## Exercise goal
Pictures in the entries below are excluded; copy only the lines from the one containing "Antolín Bureau Abogados" to the one containing "Wilson Kids Stroke", both included.

## Data in this exercise
- Opening Delimiter -

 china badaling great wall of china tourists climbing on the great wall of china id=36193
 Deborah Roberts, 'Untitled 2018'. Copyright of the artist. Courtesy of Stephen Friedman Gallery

- Closing Delimiter -
- Opening Delimiter -

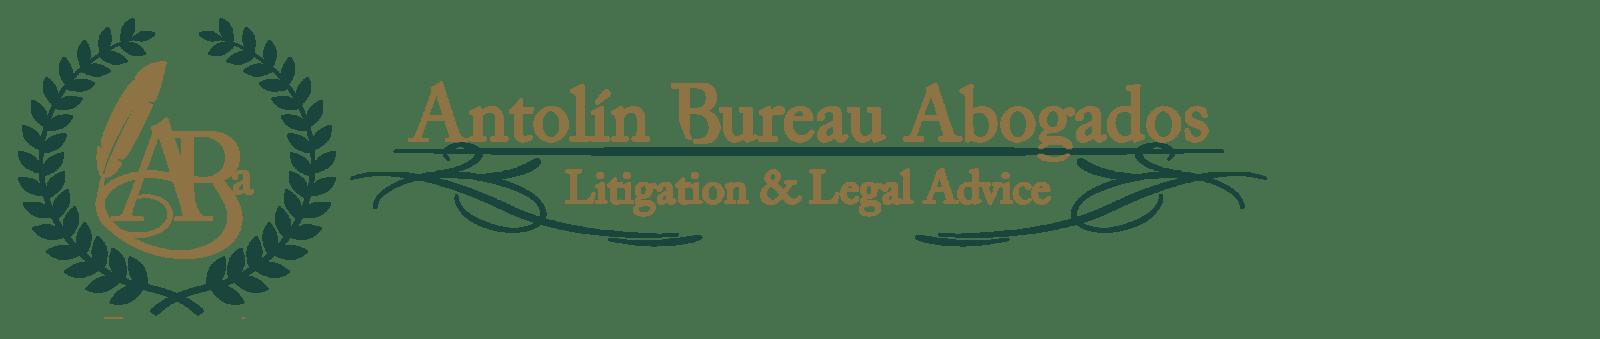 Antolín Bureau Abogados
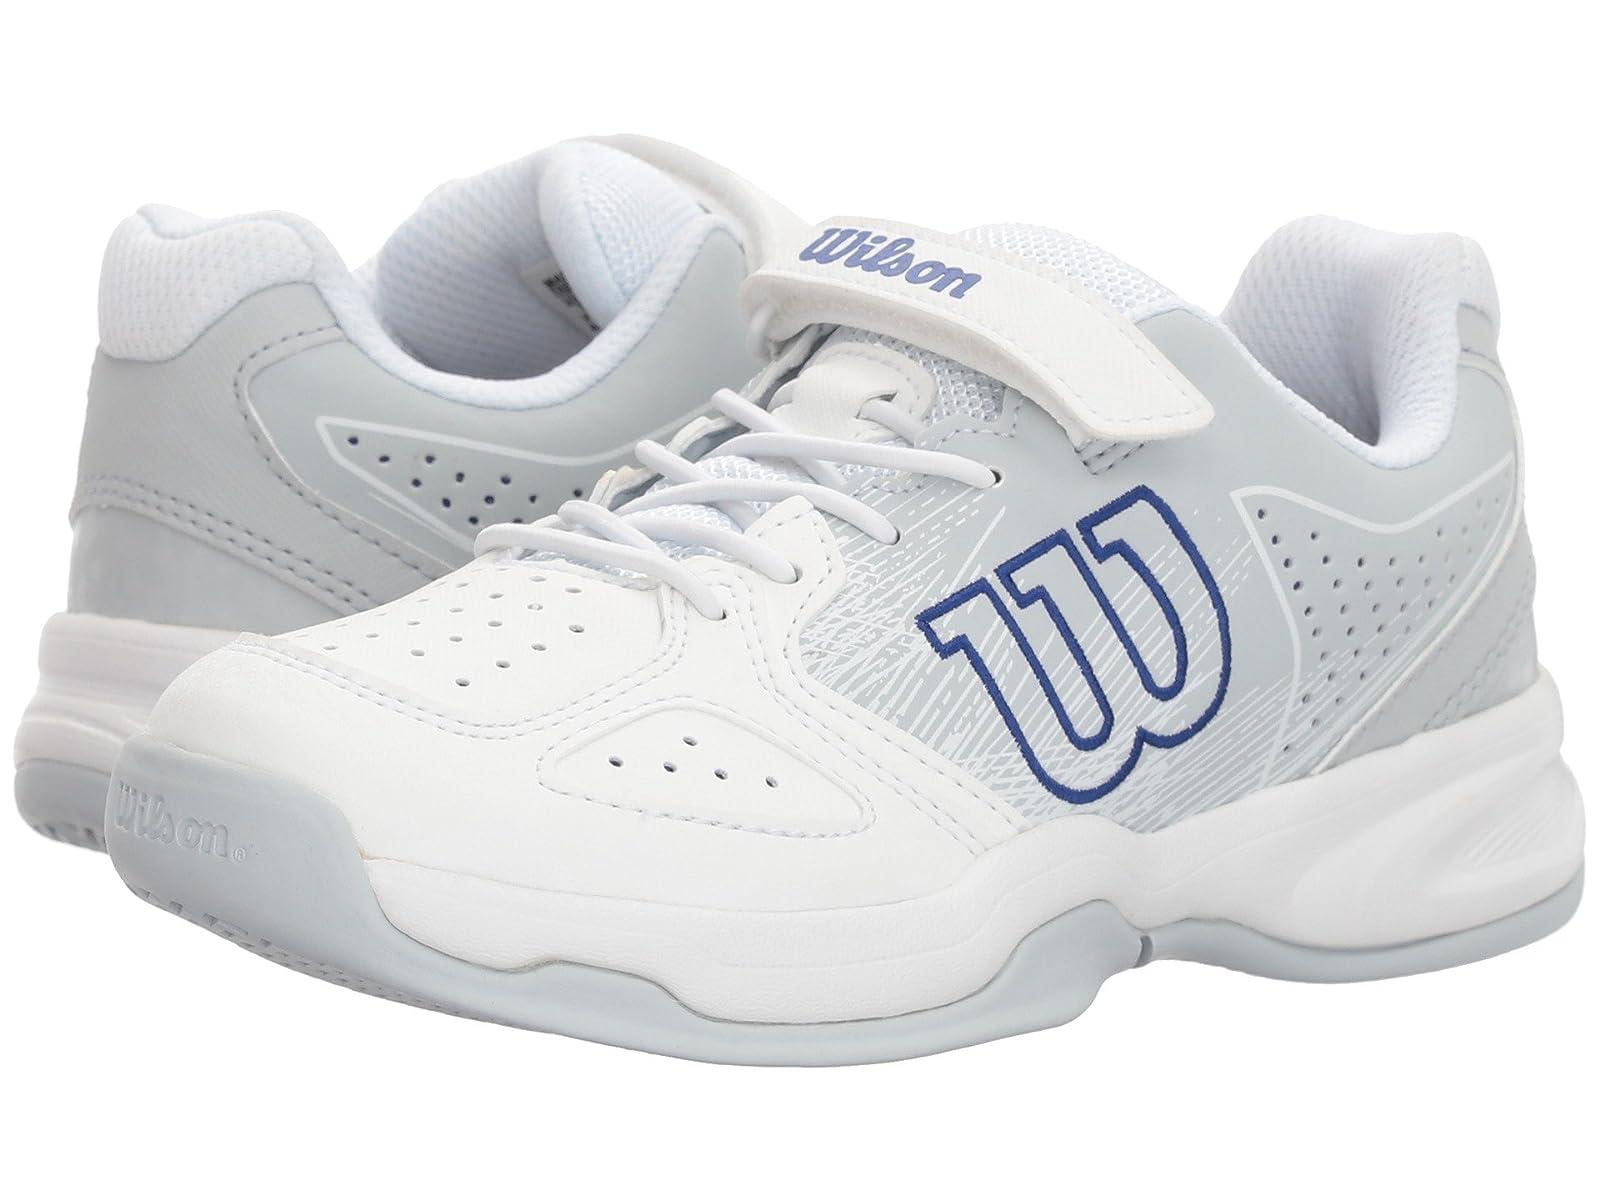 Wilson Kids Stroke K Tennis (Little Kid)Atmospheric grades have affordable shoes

- Closing Delimiter -

## Answer to this task
 Antolín Bureau Abogados
 Wilson Kids Stroke K Tennis (Little Kid)Atmospheric grades have affordable shoes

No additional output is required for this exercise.